RESULTADOS E DISCUSSÃO
Os resultados da análise elementar CHNO permitiram monitorizar o processo durante os 176 dias de compostagem, observando-se uma importante perda de peso no primeiro mês (20%), seguida de rápida mineralização de C e N orgânicos. Este processo foi mais rápido na pilha C (com menos BA), onde a perda de N é favorecida pelos altos valores de pH (>8). No entanto, nas pilhas A, B e D, que contêm mais BA, o processo de mineralização de N foi menos expressivo, registando-se perdas de N abaixo de 7% nos primeiros 6 meses de compostagem.

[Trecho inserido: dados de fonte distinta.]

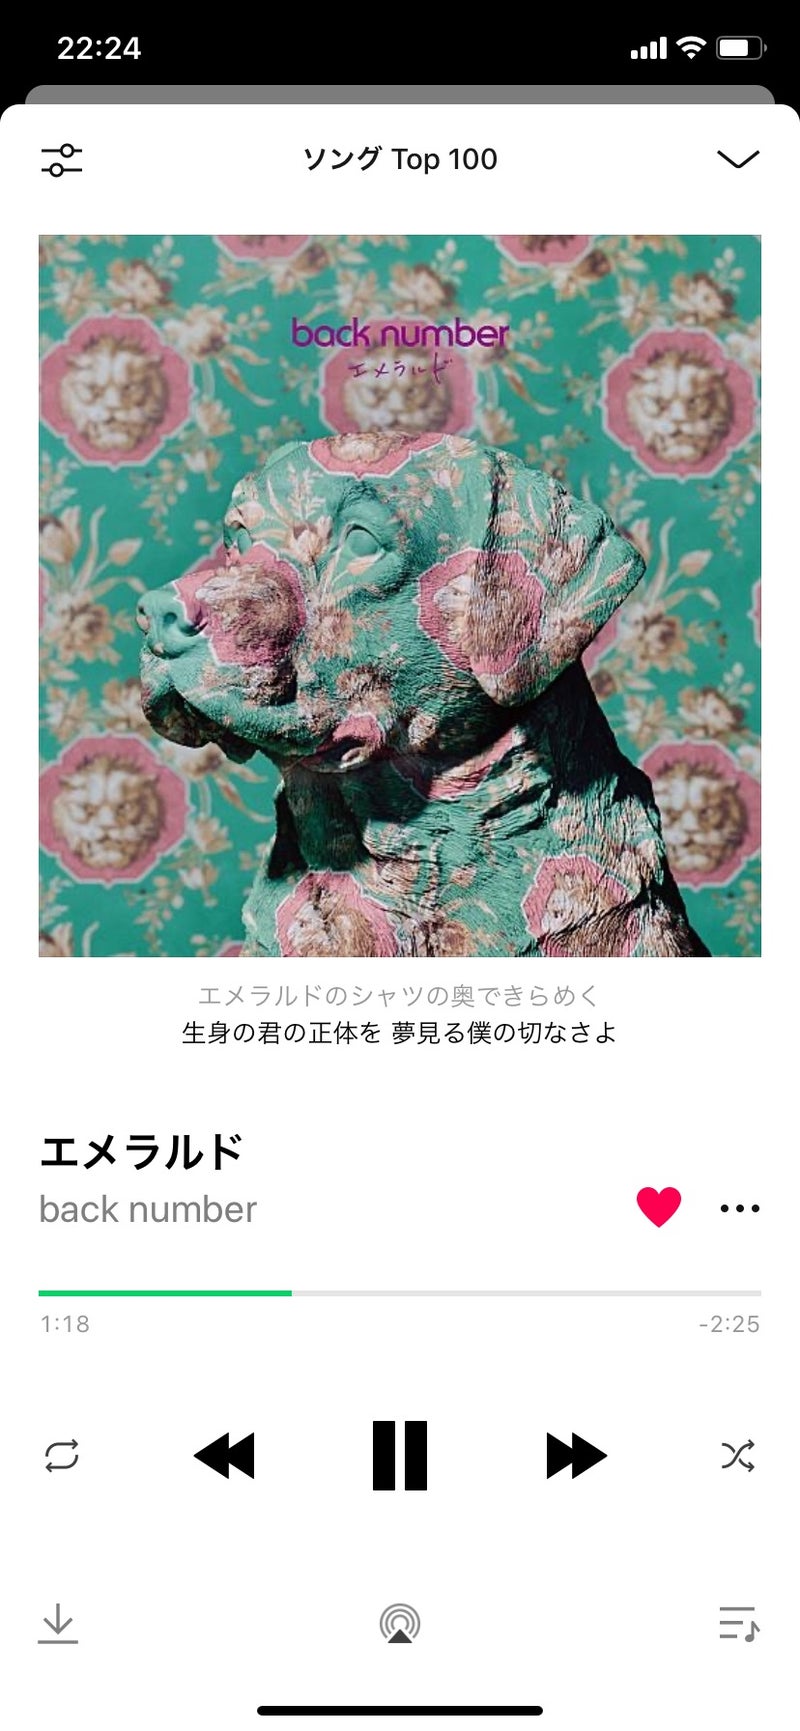 Backnumber エメラルド back number、新曲「エメラルド」を10月12日に配信限定リリース

O Diagrama de Van Krevelen (H/C vs O/C), comunmente usado para estudar o progresso da humificação (Hernández et al., 2019), demonstra poucas alterações na natureza dos compostos orgânicos nos primeros 4 meses, fase mesófila, na qual se produz ligeira deshidrogenação (baixa H/C) ou perda de grupos alifáticos (-CH2), provavelmente associada à degradação de gorduras vegetais, como o ácido oleico, ainda presente no BA (~3%). Observa-se, também, degradação seletiva de hidratos de carbono a partir dos 120 dias (baixa O/C), fase de maturação, o que conduz a um aumento da aromatização dos restos orgânicos compostados (Figura 1).
O índice MLV diminuiu de forma geral durante o processo de compostagem (Figura 2). Pode observar-se que as pilhas A, B e D perderam fitotoxicidade em apenas 120 d (MLV~50-65%), a pilha B alcançando a maior taxa de germinação e índice de comprimento radicular aos 148 d (GI~0,8; RI~0,9). A pilha C manteve-se fitotóxica ainda aos 156 d de compostagem (MLV~20%; GI~0,6, RI~0,3).
De modo a identificar as variáveis que melhor explicam a fitotoxicidade durante a compostagem, aplicou-se uma ACP com as variáveis determinadas, que mostra que o primeiro eixo de variabilidade (Fig. 3) reúne elementos associados à qualidade da matéria orgánica nos diferentes estágios da compostagem (83%). De facto, maior teor de COT e menor de Ntotal (C/N alta), significando matéria orgânica menos decomposta, correlacionam bem com a cor (ah), tornando-a um bom indicador do estágio de compostagem. A alta correlação do Ntotal com o pH e o teor de cinzas (inverso da perda de peso) indica que o processo de amonificação é favorecido para valores altos de pH. Se tal indica que a compostagem favorece a passagem do N orgânico a formas assimiláveis, sugere também que a regulação do pH durante a compostagem pode ser crucial para minimizar perdas de N-NH3.
Por outro lado, o segundo eixo de variabilidade (52%) é explicado pela fitotoxicidade do composto em formação. O MLV é inversamente correlacionado com H/C, isto é, quanto maior o teor de compostos alifáticos (alta H/C) maior a fitotoxicidade. Este efeito é mais expressivo na pilha C, com menos BA, a que manifestou fitotoxicidade em estágios avançados de compostagem (Figura 4).
CONCLUSÕES
A elevada fitotoxicidade do BA é significativamente reduzida após 120 dias de compostagem aeróbia nas pilhas A, B, D, sendo que são os compostos alifáticos (alta H/C) os principais responsáveis; observa-se também que a compostagem favorece a qualidade da MO devido á formação de constituintes orgânicos com uma natureza mais semelhante aos ácidos húmicos; então podemos dizer que a compostagem de BA é necessária como tratamento prévio para sua aplicação ao solo.